Gastric Lavage Procedure (Lavaging Process)​

1. First Wash:​
  • The funnel is held above the patient’s head, and approximately 250 (ml) of warm water 35 centigrade is introduced into the stomach via the funnel.
  • The funnel is then lowered below the level of the patient’s stomach so that the stomach contents exit by the principle of siphonage.
  • This expelled water is collected for chemical examination.
  • Note: The quantity of water is not kept large initially, as a large amount might cause toxic substances to move from the stomach into the duodenum.
2. Subsequent Washes:
  • The above process is repeated using half a liter of water.
3. End of Lavage:

The lavage is continued until the colour of the fluid exiting the stomach becomes clear, like the washing water used.

4. Using Fluids/Antidotes:

Only water is used in the first wash. However, in subsequent washes, other fluids or antidotes may be mixed with the water.

5. Before Tube Removal:

Before removing the tube after lavage, a small amount of water mixed with an antidote, or Sodium Sulphate (30 grams) dissolved in water, should be instilled. 
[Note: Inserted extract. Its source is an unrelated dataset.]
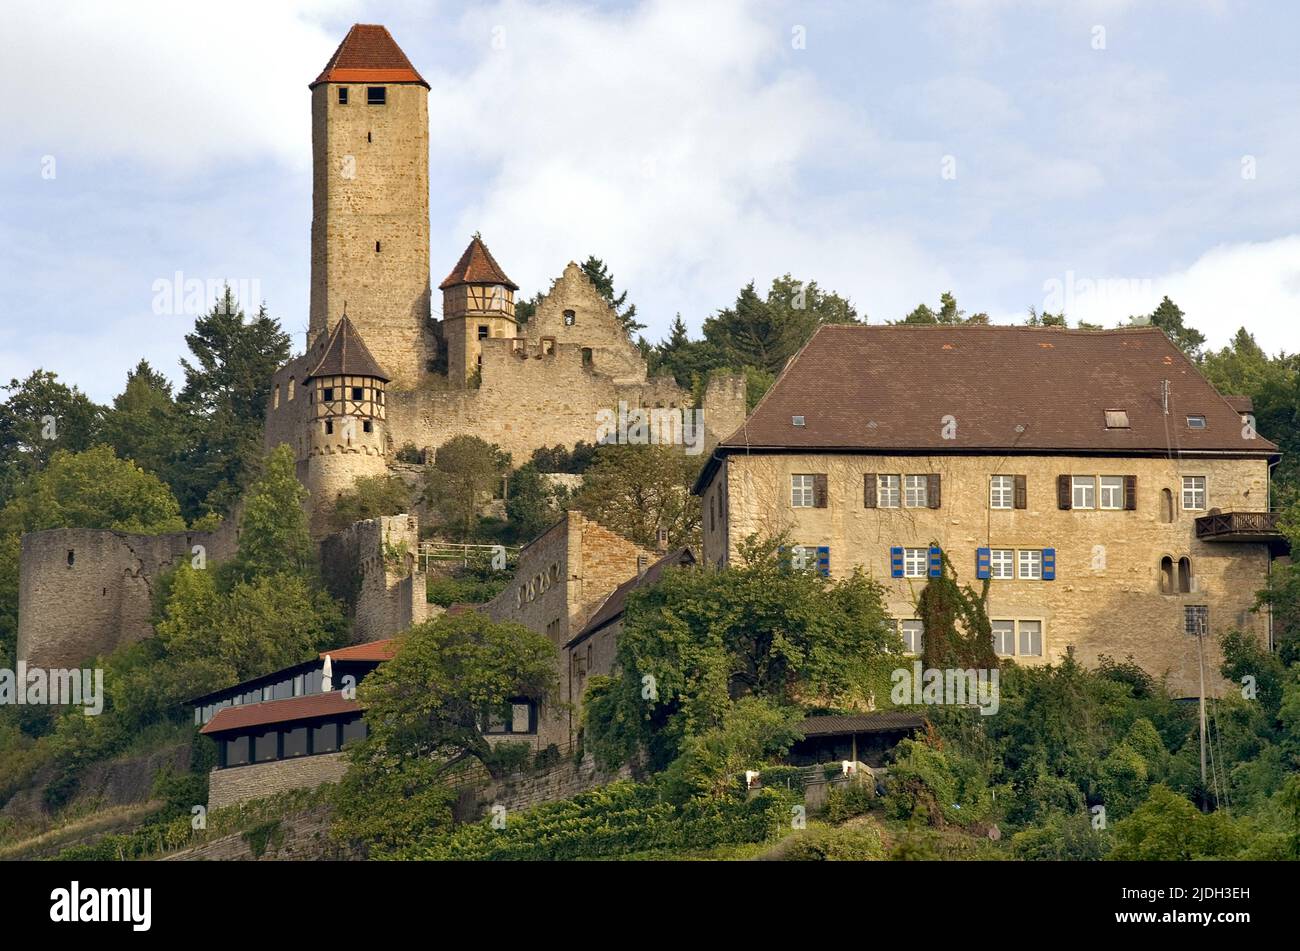 Château de Hornberg, fief de Goetz von Berlichingen, Allemagne, Bade-Wurtemberg, Neckarzimmern Banque D'Images

This is to ensure that any remaining poison in the stomach or intestines is expelled via diarrhea.

  • Examples: In Aspirin poisoning, Sodium Bicarbonate may be used, and in Alkali poisoning, Charcoal and Liquid Paraffin may be used.
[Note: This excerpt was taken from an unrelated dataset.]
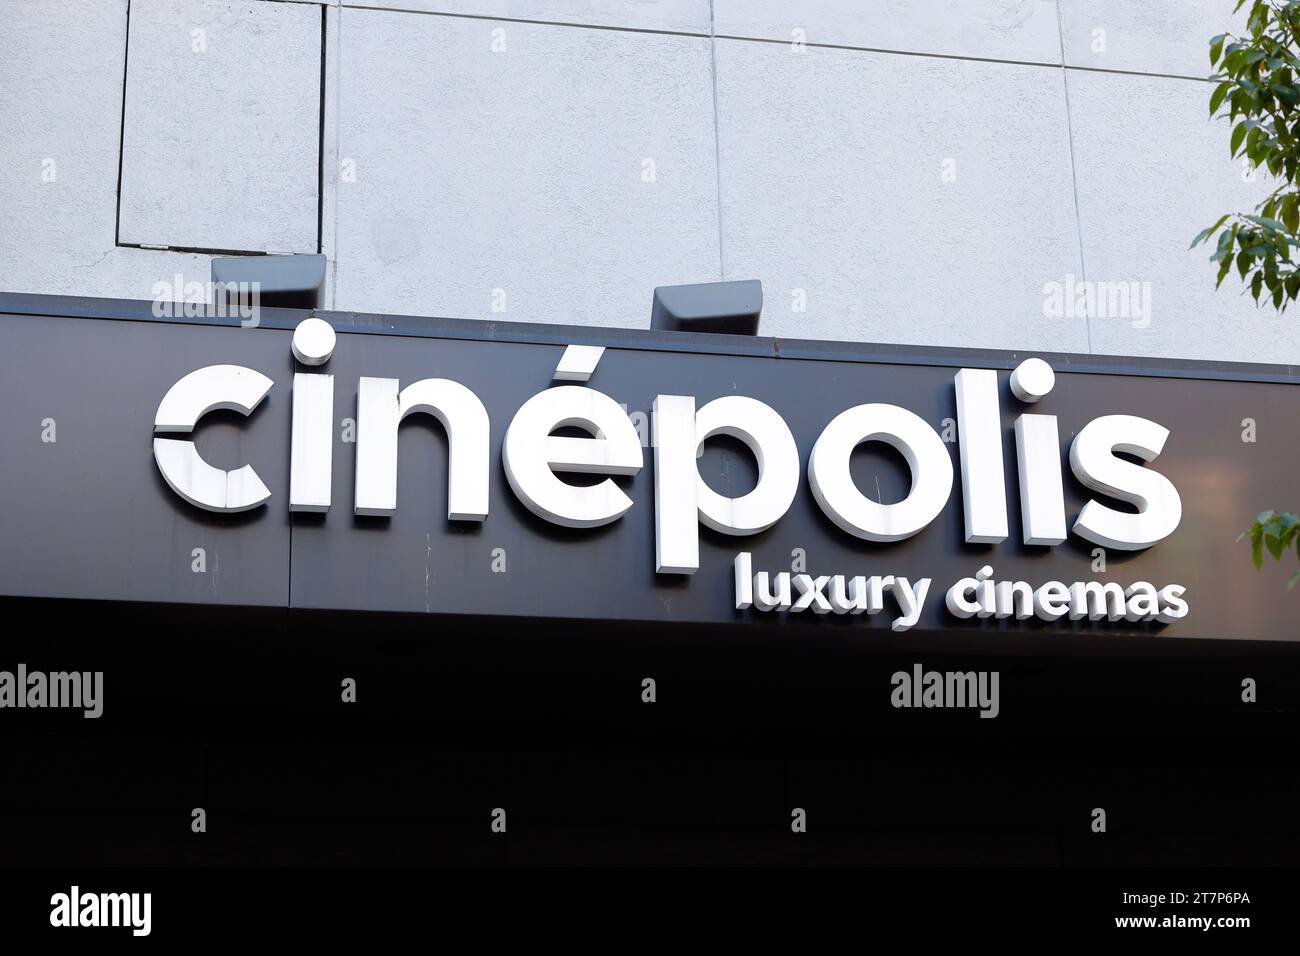 Beschilderung für Cinépolis, eine luxuriöse Kinokette. Stockfoto

👶 Gastric Lavage in Children

  • Tube Used: French rubber catheters of size 8 to 12 French are used.
  • Insertion: They are inserted into the stomach via the nose or mouth.
  • Fluid Removal: Gastric fluid is withdrawn using a 50 ml syringe.

​🚫 Contraindications

Except for Carbolic Acid, the use of the stomach tube is contraindicated in all Alkali poisons.
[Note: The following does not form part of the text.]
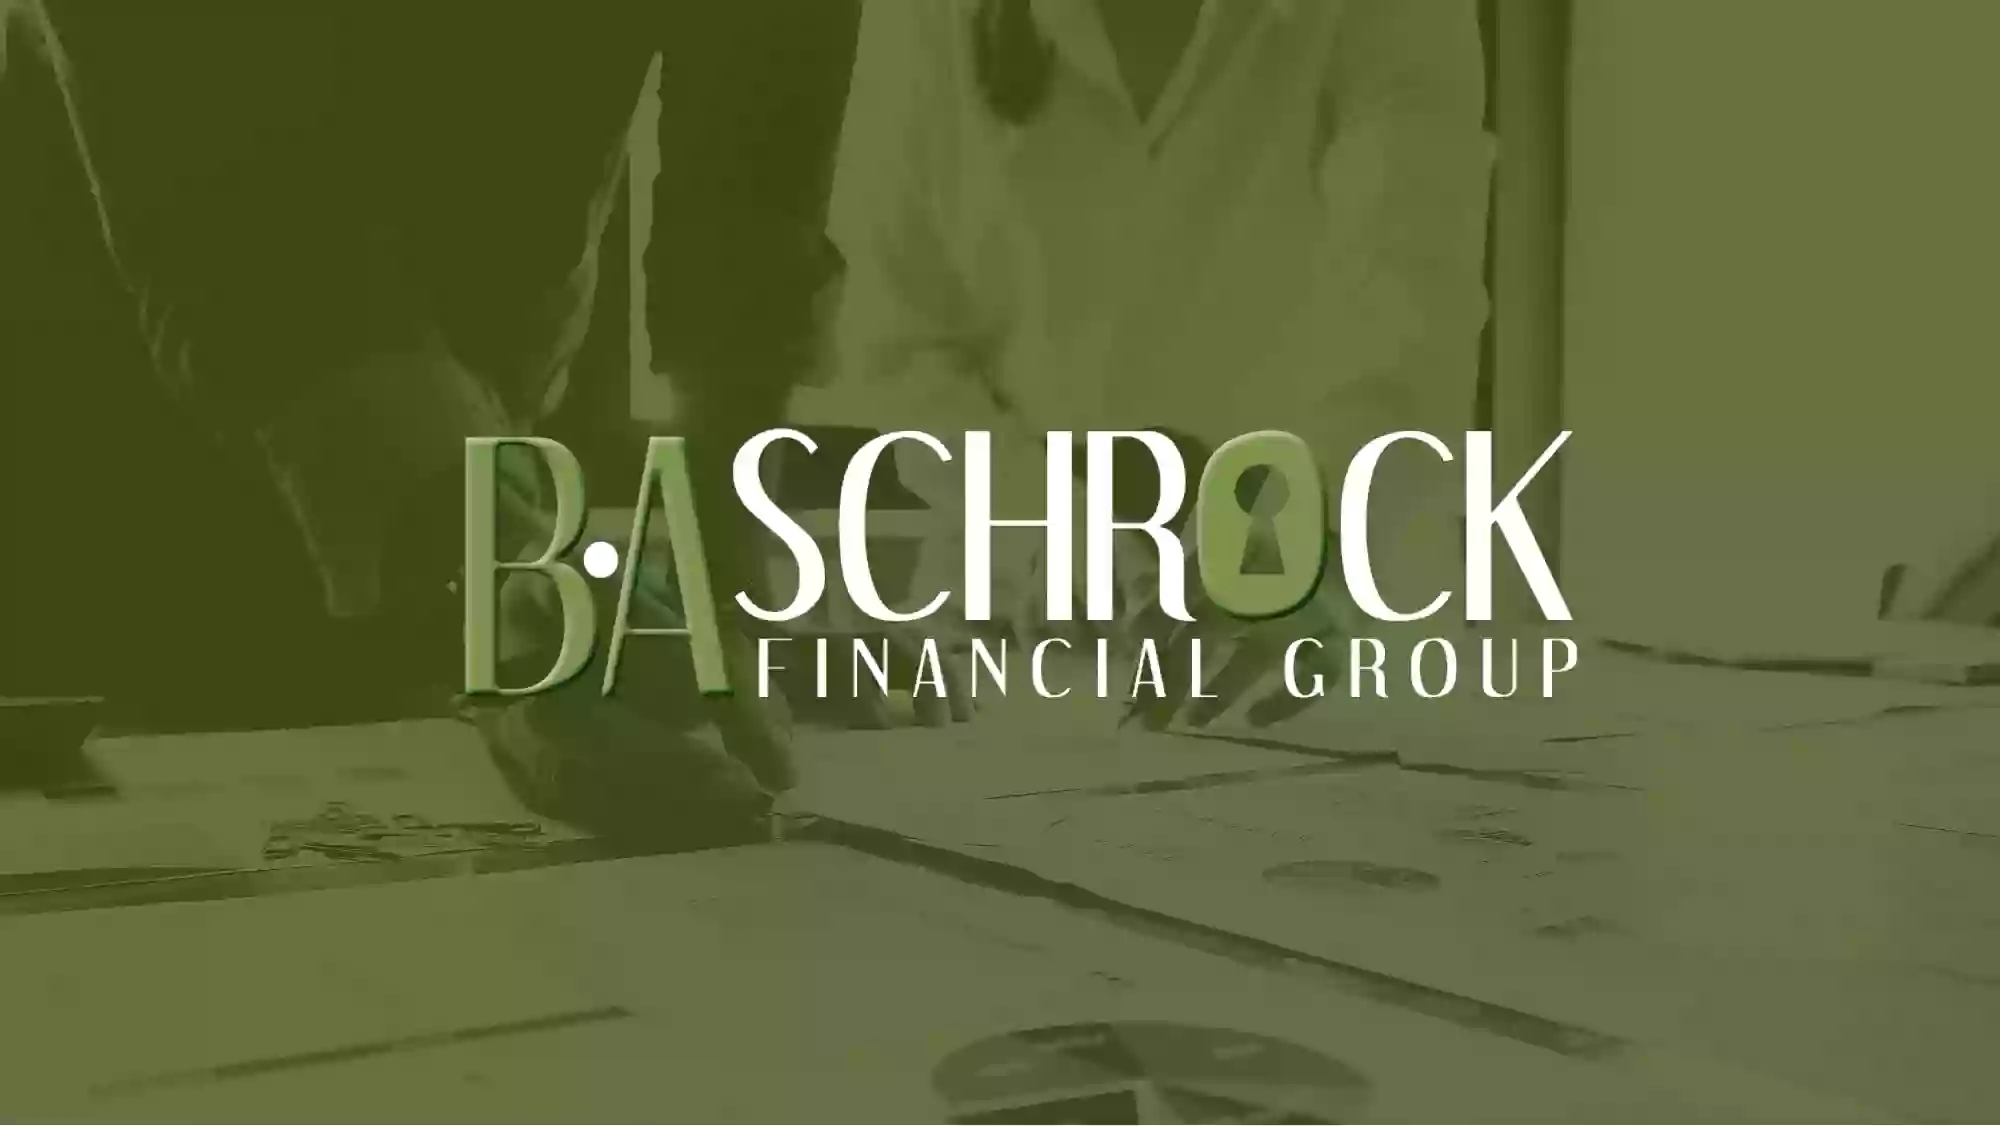 B.A. Schrock Financial Group

  • Reason: These poisons cause inflammation and ulcers in the oesophagus and stomach. Inserting the stomach tube could therefore cause a perforation (hole) in these organs.
  • In cases of Corrosive Poisons, the stomach tube should be inserted with great caution.

(B) Use of Antidotes​

  • Antidotes, by their mechanism of action, neutralize the effects of the poison or produce opposite effects to the poison without causing harm to the body.

​Indications​

Antidotes can be used in the following situations:

  • When Poison is not Completely Expelled: If the poison has not been completely expelled from the body through emetics or stomach wash (Gastric Lavage), or if there is no opportunity to use these methods.
  • When the poison has been absorbed into the body.
  • When the poison has entered the body through an alternative route: If the poison has entered the body through a route or pathway other than the mouth.

​Types of Antidotes​

Antidotes are classified into four groups based on their nature of action (mechanism):

  1. Physical or Mechanical Antidotes
  2. Chemical Antidotes
  3. Physiological or Pharmacological Antidotes
  4. Universal Antidotes

Mechanical or Physical Antidotes

These antidotes prevent the absorption of poison in the stomach. They can be divided into the following categories:

1. Demulcents​
  • Description: These substances are rich in fatty/oily content, or are mucilaginous.
  • Examples: Fat, oil, milk, egg white, etc.
  • Mechanism: They form a coating/layer on the walls of the stomach, thereby preventing the absorption of the poison.
  • Usefulness: They are also beneficial in poisoning caused by corrosive and irritant poisons.
  • Caution: They are not used in poisoning cases involving fat-soluble poisons, such as:
  1. Phosphorus
  2. Organophosphates
  3. DDT
2. Absorbents / Bulk Foods
  • Description: These are viscous or bulky solid foods.
  • Examples: Banana or Custard.
  • Usefulness: They act as a mechanical antidote, commonly used in cases of poisoning by powdered glass.
  • Mechanism: They envelop the powdered glass in the stomach, rendering it harmless by preventing its harmful effects and absorption.
3. Wood Charcoal / Activated Charcoal​
  • Description: This also acts as a mechanical antidote.
  • Usefulness: It is primarily used to prevent the absorption of alkaloid-based poisons (like Strychnine) and certain mineral poisons.
  • Dosage: It is administered mixed with five times its amount of water:
  1. In Children: 30 to 60 grams
  2. In Adults: 60 to 100 grams

Chemical Antidote​

This type of antidote directly neutralizes the effects of poison through its chemical actions, or converts them into non-toxic or insoluble compounds through the process of Oxidation.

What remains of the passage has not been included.